Cadwalladr’s legal team confirmed on Saturday, however, that the fight was not over, revealing that they would be taking the case to Strasbourg.

Gavin Millar KC said: “Carole established that over 90% of the publications Banks sued on were lawful public interest speech. So her lawyers believe the order for her to pay 60% of Banks’ costs was a penalty which violated her right to journalistic freedom of expression under article 10 [of the European Convention on Human Rights]. We will seek a ruling to this effect from the European Court of Human Rights.”

Millar’s intervention arrived as the UK Anti-Slapp Coalition – campaigning against what it calls “abusive lawsuits filed by a private party with the purpose of silencing critical speech” – issued a statement of support for Cadwalladr.

Brexit backer Arron Banks said the case was being driven by Cadwalladr’s lawyers.
Brexit backer Arron Banks said the case was being driven by Cadwalladr’s lawyers. Photograph: Leon Neal/Getty Images

It is important to reassert that Banks was only successful on less than 10% of the publications he sued on. Yet the application of the UK costs rules for libel means that Carole is now expected to pay a six-figure sum.
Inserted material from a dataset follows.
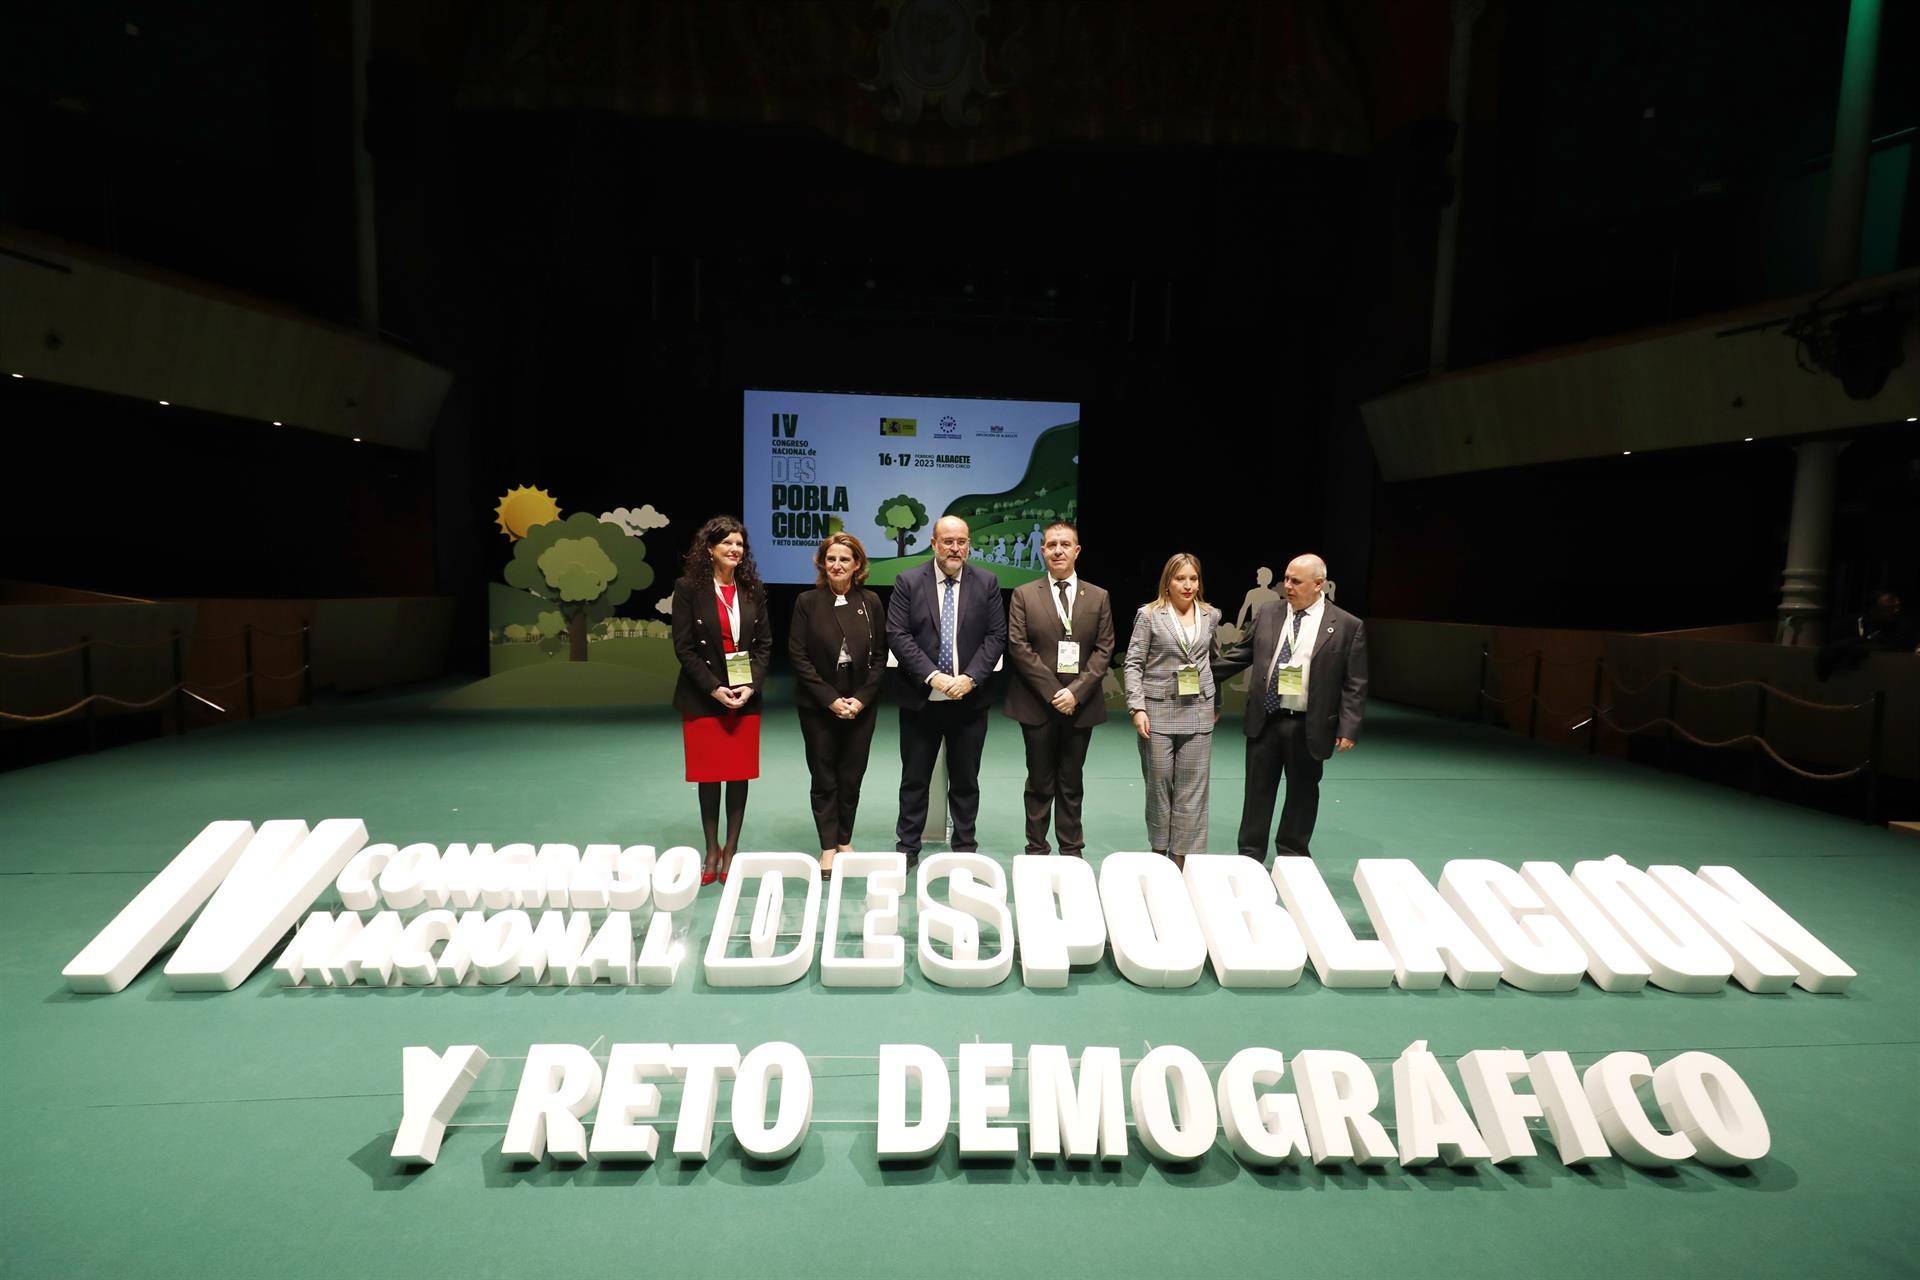 Inauguración del IV Congreso Nacional de Despoblación y Reto Demográfico, celebrado en el Teatro Circo de Albacete. EUROPA PRESS/LUIS VIZCAÍNO.

We cannot have a level playing field when lodging a defence or fighting a case through different courts can threaten your livelihood or render you bankrupt,” the coalition said.

The supreme court recently ordered that “permission to appeal be refused because the proposed appeal does not raise an arguable point of law”. It added that the supreme court could not interfere with the court of appeal’s discretion to award costs, unless the court “erred in principle or exercised its discretion in an unreasonable manner, and neither of those conditions is met”.
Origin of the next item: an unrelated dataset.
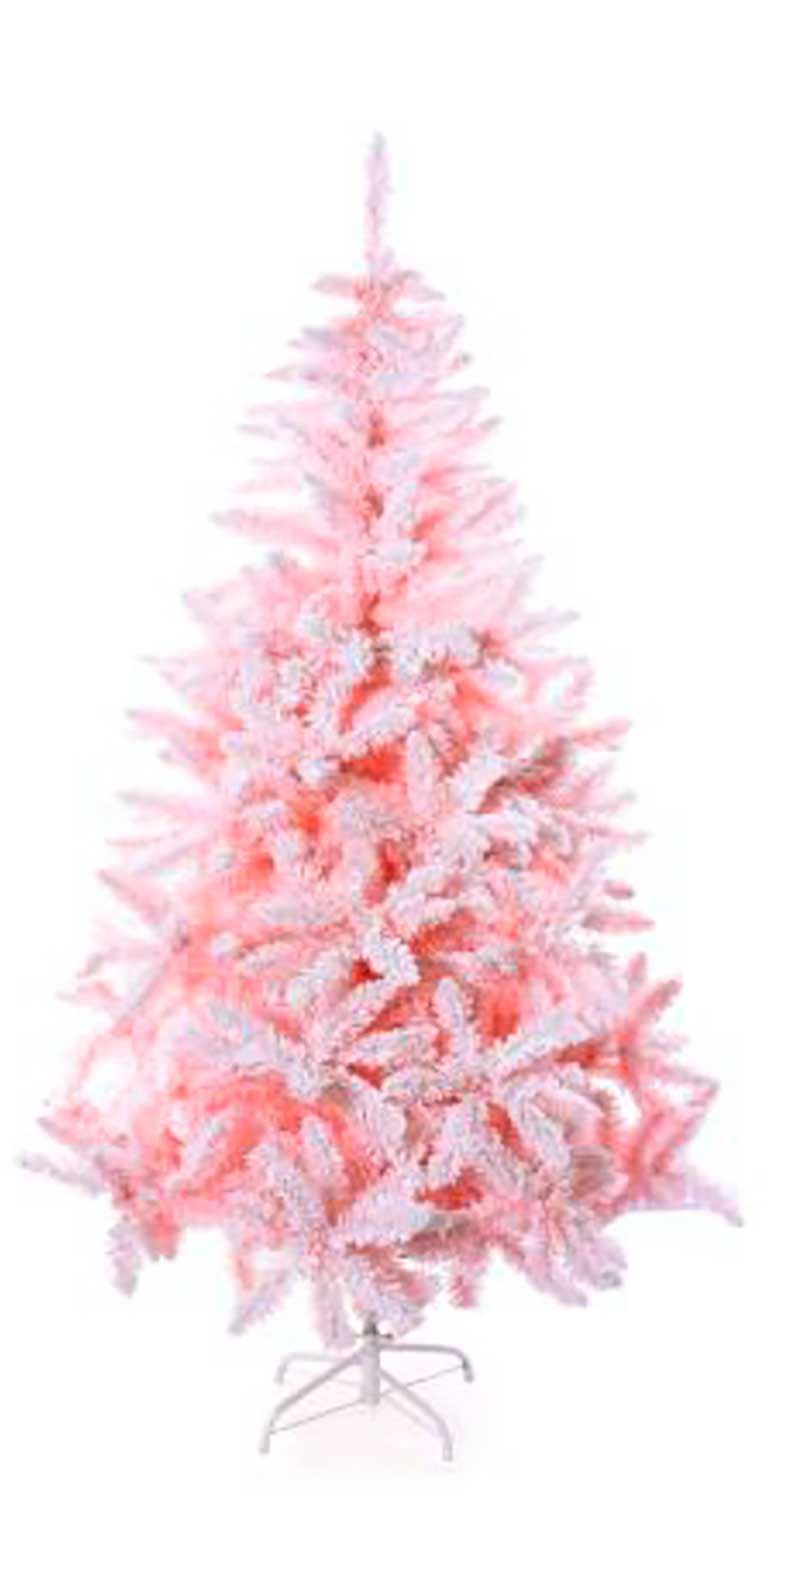 Arvore De Natal Pinheiro Andes Rosa Nevada 150cm 935 Galhos – Cromus  1025840 - Papelaria Criativa

Banks, who donated a record £8m to the pro-Brexit Leave.EU campaign group, sued over comments made by Cadwalladr in a Ted talk and a tweet in 2019. He originally lost his case.

Mrs Justice Steyn found Cadwalladr’s remarks were protected when she made them because they were part of reporting on a matter of “real and abiding public interest”, and her belief that publishing those remarks was in the public interest was a reasonable one for her to hold.

The judge also ruled that the public interest defence fell away from April 2020, when the Electoral Commission issued a statement confirming it accepted an earlier National Crime Agency conclusion that there was no evidence that Banks had broken the law. But she found Banks had not suffered serious harm as a result of the continuing publication. Steyn added that it was “neither fair nor apt to describe this as a Slapp suit”.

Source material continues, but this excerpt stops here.